Scraping: getting the content
Crawling finds links. Scraping gets the content. The scrape command returns structured JSONL with the page content, status code, and URL for every page:
spider -u https://quotes.toscrape.com --limit 1 \
--return-format markdown \
scrape --output-html
{
"content": "Quotes to Scrape\n# Quotes to Scrape\n\"The world as we have created it is a process of our thinking. It cannot be changed without changing our thinking.\"\nby Albert Einstein\n...",
"headers": null,
"links": null,
"status_code": 200,
"url": "https://quotes.toscrape.com"
}
The --return-format flag controls the output transformation. Your options:
| Format | What you get | Good for |
|---|---|---|
raw | Original HTML | Parsing with your own tools |
markdown | Clean markdown | LLM context windows, RAG pipelines |
commonmark | Strict CommonMark | Documentation ingestion |
text | Plain text, no markup | Search indexing, text analysis |
xml | XML structure | Structured data pipelines |
For most AI workflows, markdown is the right choice. It strips navigation, scripts, and styling while preserving the content hierarchy. The output is clean enough to drop directly into a prompt.
Note: When you run with
--spider-cloud-mode, themarkdownformat is processed server-side by Spider Cloud, which produces noticeably cleaner output than the local transformation. The cloud pipeline applies smarter content detection, better nav/footer stripping, and tighter whitespace handling. If you’re feeding content into an LLM or embedding pipeline, the cloud markdown is worth the difference.
Controlling what gets crawled
Page limits
The --limit flag caps the total number of pages:
spider -u https://books.toscrape.com --limit 10 crawl -o
This crawls up to 10 pages and stops.

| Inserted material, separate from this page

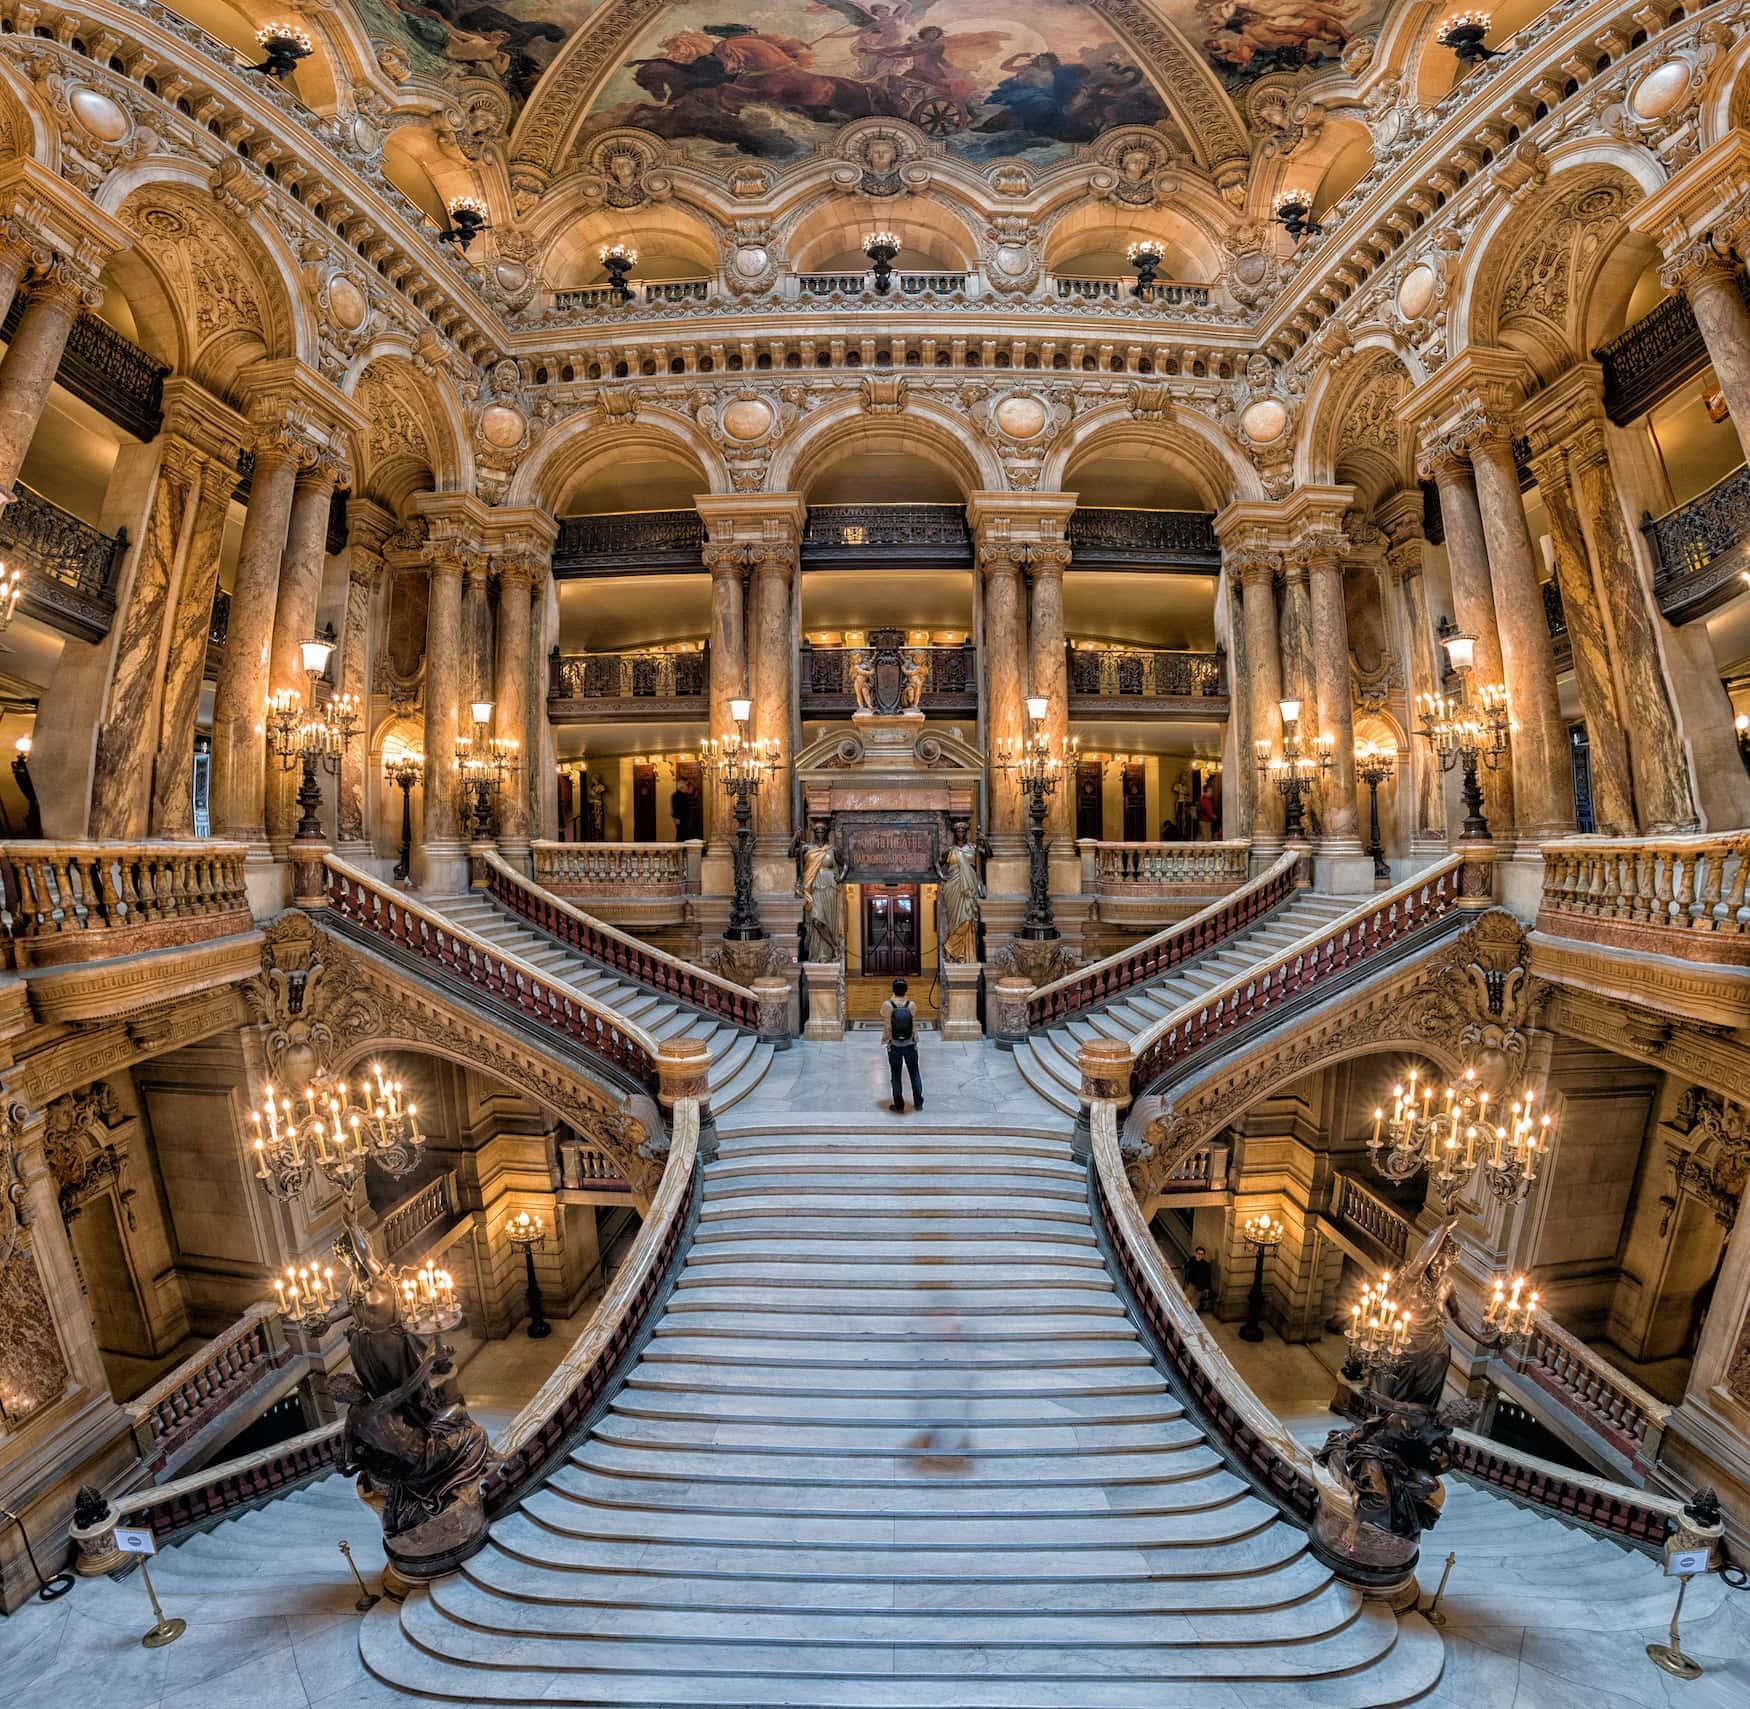 Der Palais Garnier in Paris ist eines der schönsten Opernhäuser weltweit

Simple, predictable, good for testing.
Depth limits
Depth controls how far from the starting URL the crawler will go. A depth of 1 means “only pages linked from the homepage.” A depth of 2 means “pages linked from those pages, too.”

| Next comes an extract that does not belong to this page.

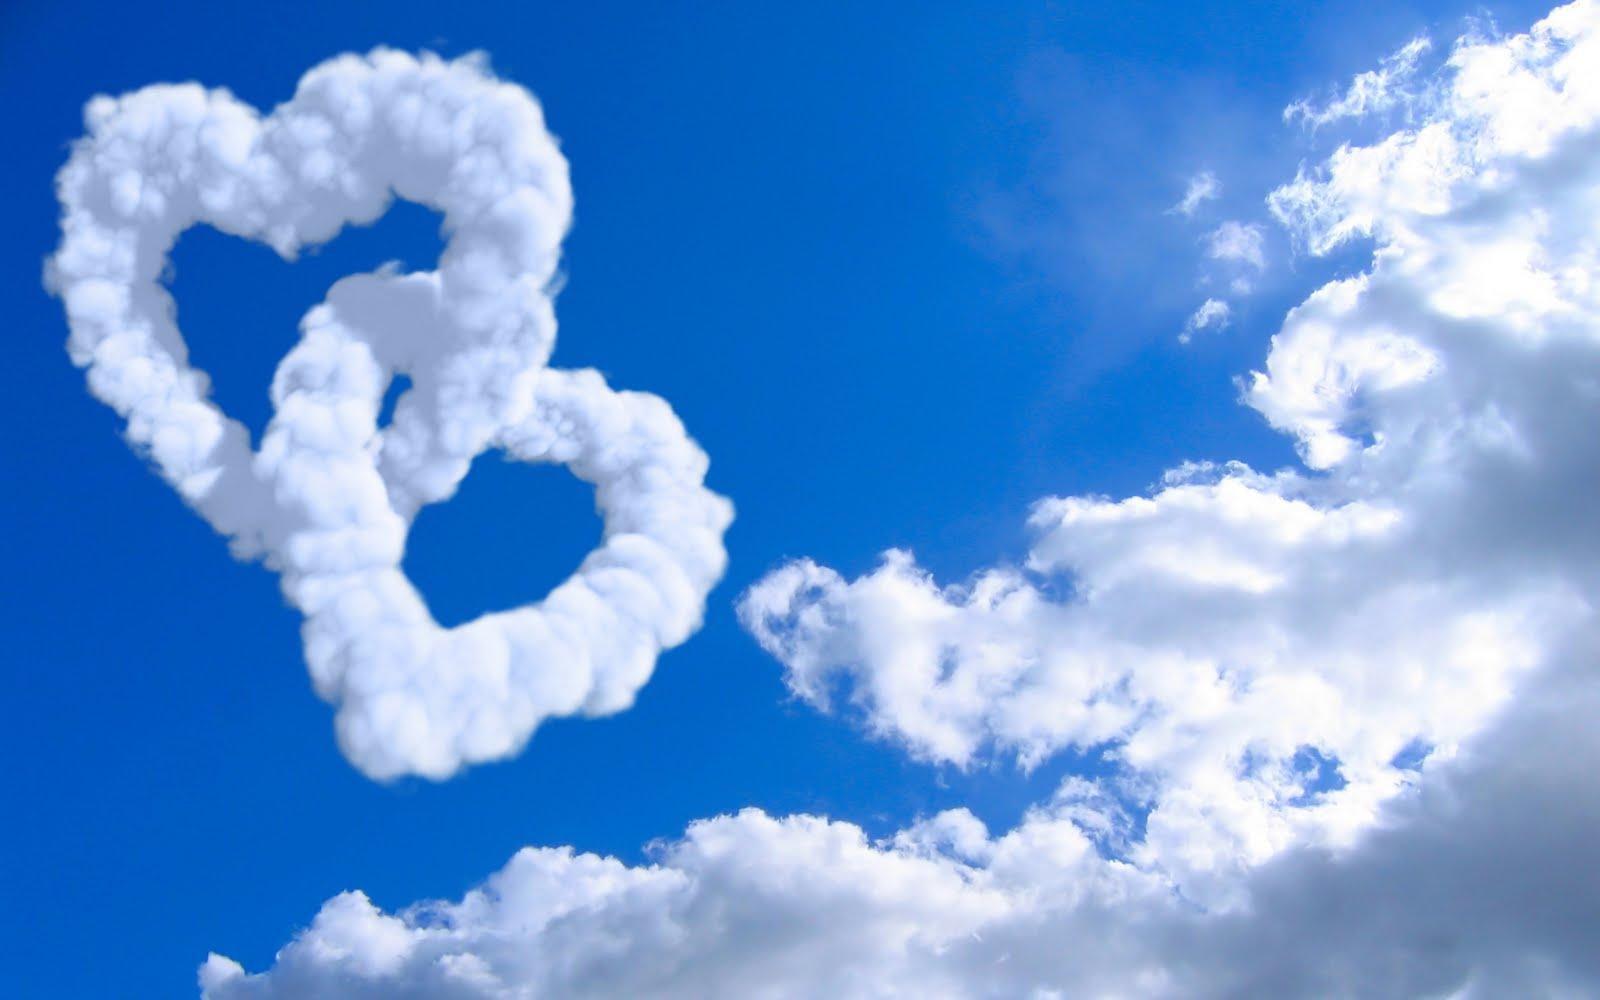 http://3.bp.blogspot.com/-LLswB5wPPUw/TlvdUWnE7TI/AAAAAAAAAis/b5JZ2kvc6js/s1600/Cloud-Endless-Love-Wallpaper.jpg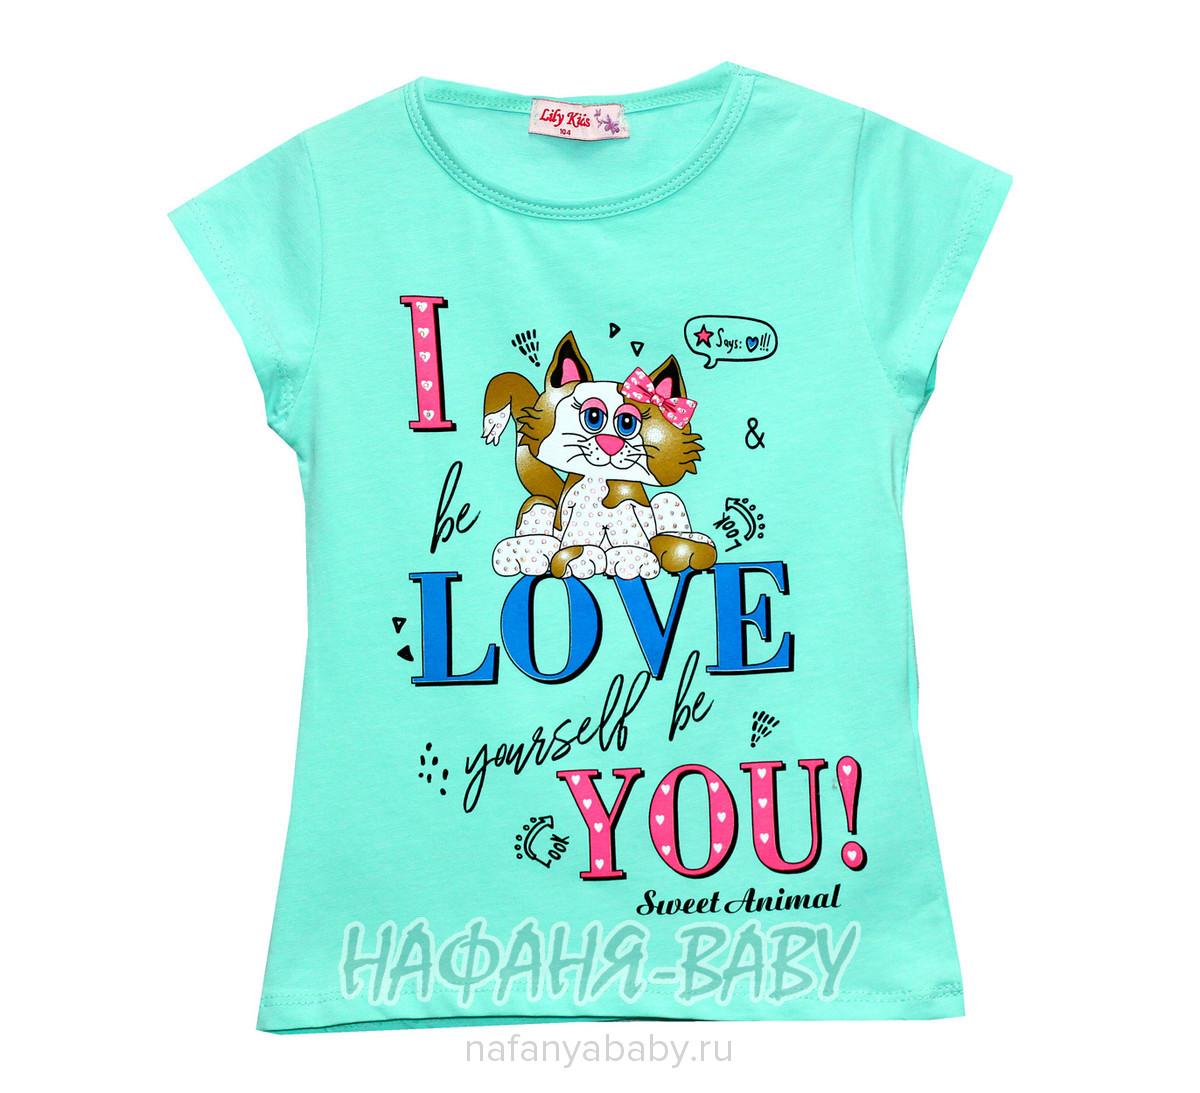 Детская футболка LILY Kids арт: 3578, 1-4 года, цвет персиковый, оптом Турция

spider -u https://books.toscrape.com --limit 10 -d 2 -v crawl -o
fetch https://books.toscrape.com
fetch https://books.toscrape.com/index.html
fetch https://books.toscrape.com/catalogue/page-2.html
fetch https://books.toscrape.com/catalogue/page-3.html
fetch https://books.toscrape.com/catalogue/page-1.html
Depth is how you avoid crawling a 50,000-page site when you only need the top-level content. Set --limit for a hard cap and -d for structural control. Use both together for precise targeting.
Crawl budgets
Budgets give you path-level control. The syntax is path,limit pairs:
spider -u https://books.toscrape.com -B "catalogue,5" crawl -o
This allows up to 5 pages under /catalogue and unlimited pages elsewhere. You can set a global budget with *:
spider -u https://quotes.toscrape.com -B "*,1" \
--return-format markdown \
scrape --output-html
That fetches exactly one page, no matter how many links the crawler finds. Budgets are useful when you know the site structure and want specific sections without over-crawling.
Blacklisting paths
If there are paths you never want to touch:
spider -u https://example.com \
--blacklist-url "/admin,/api,/internal" \
crawl -o
Comma-separated URL patterns. Any link matching these patterns gets skipped.

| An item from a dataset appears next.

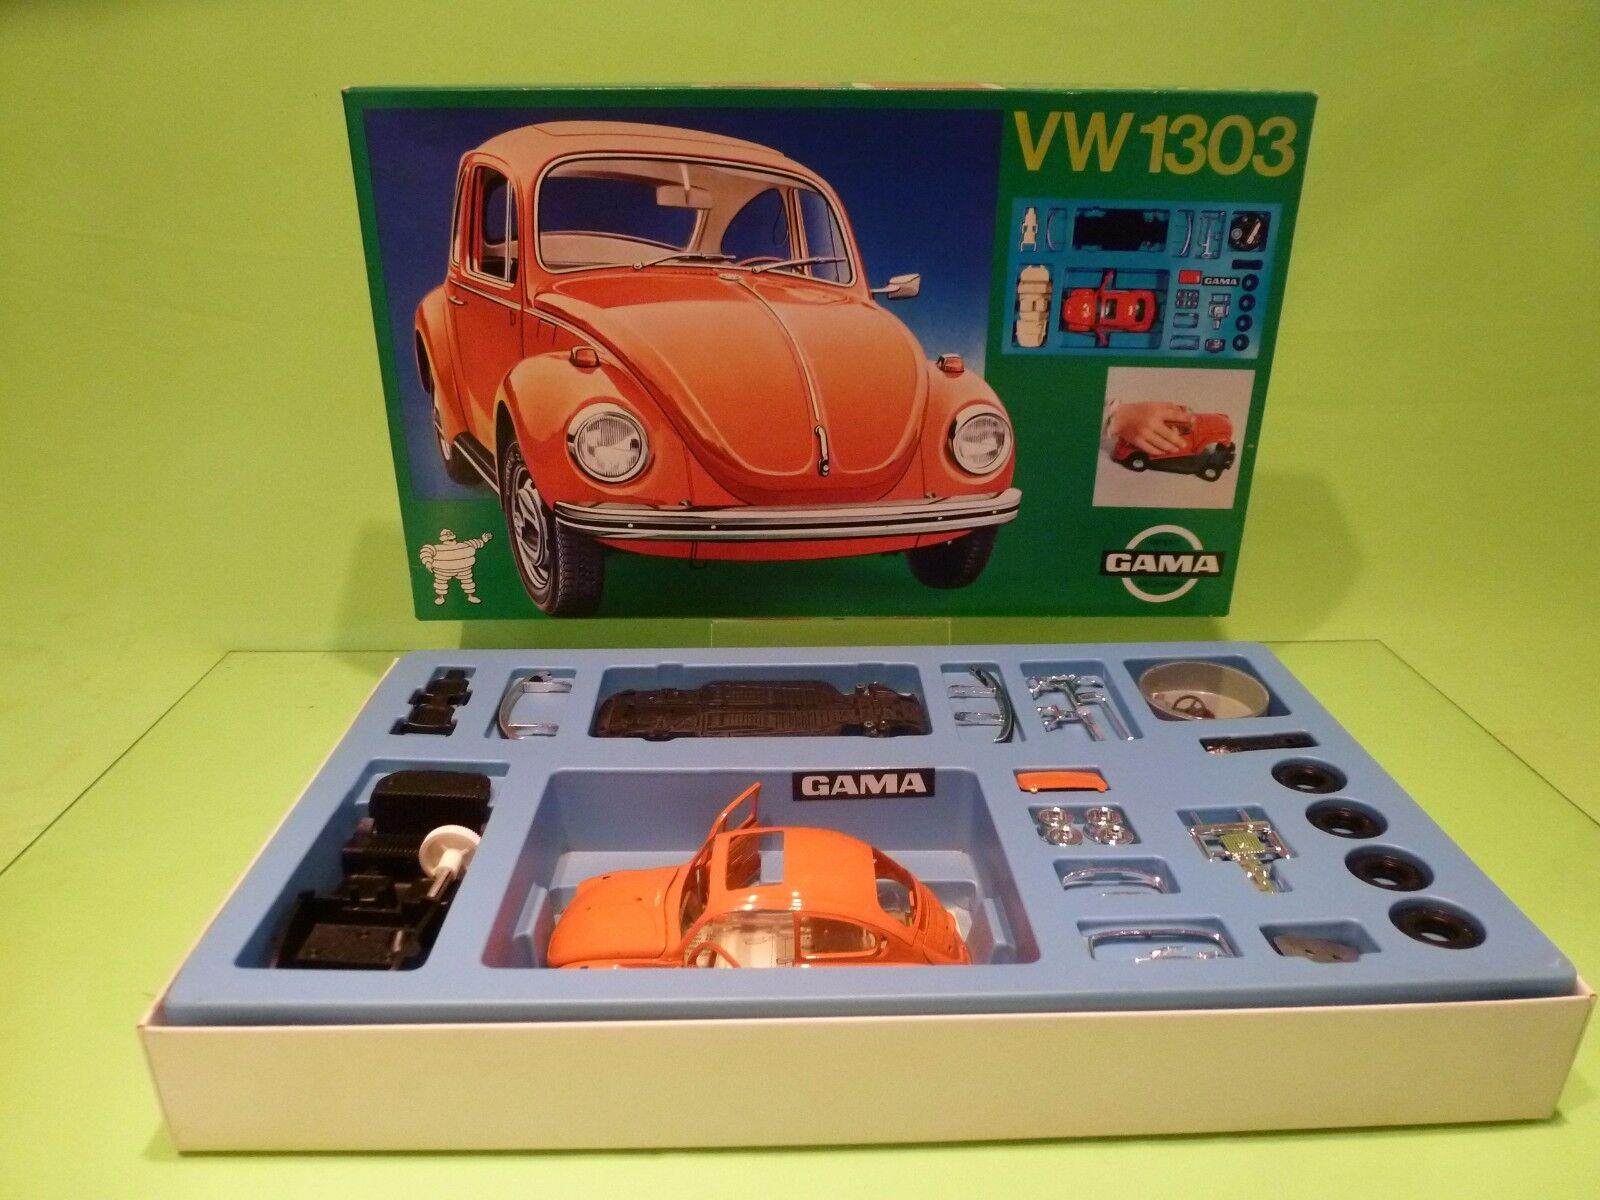 GAMA 4425 KIT (unbuilt) VW VOLKSWAGEN BEETLE 1303 - 1 24 - EXCELLENT IN BOX

Going remote with Spider Cloud
Local crawling hits a ceiling fast. Your residential IP gets blocked after a few hundred requests. JavaScript-heavy sites need a real browser. Anti-bot systems like Cloudflare and DataDome return challenge pages instead of content. You can try to solve each of these yourself, but you’ll end up building and maintaining proxy infrastructure, browser pools, and retry logic that has nothing to do with the data you actually want.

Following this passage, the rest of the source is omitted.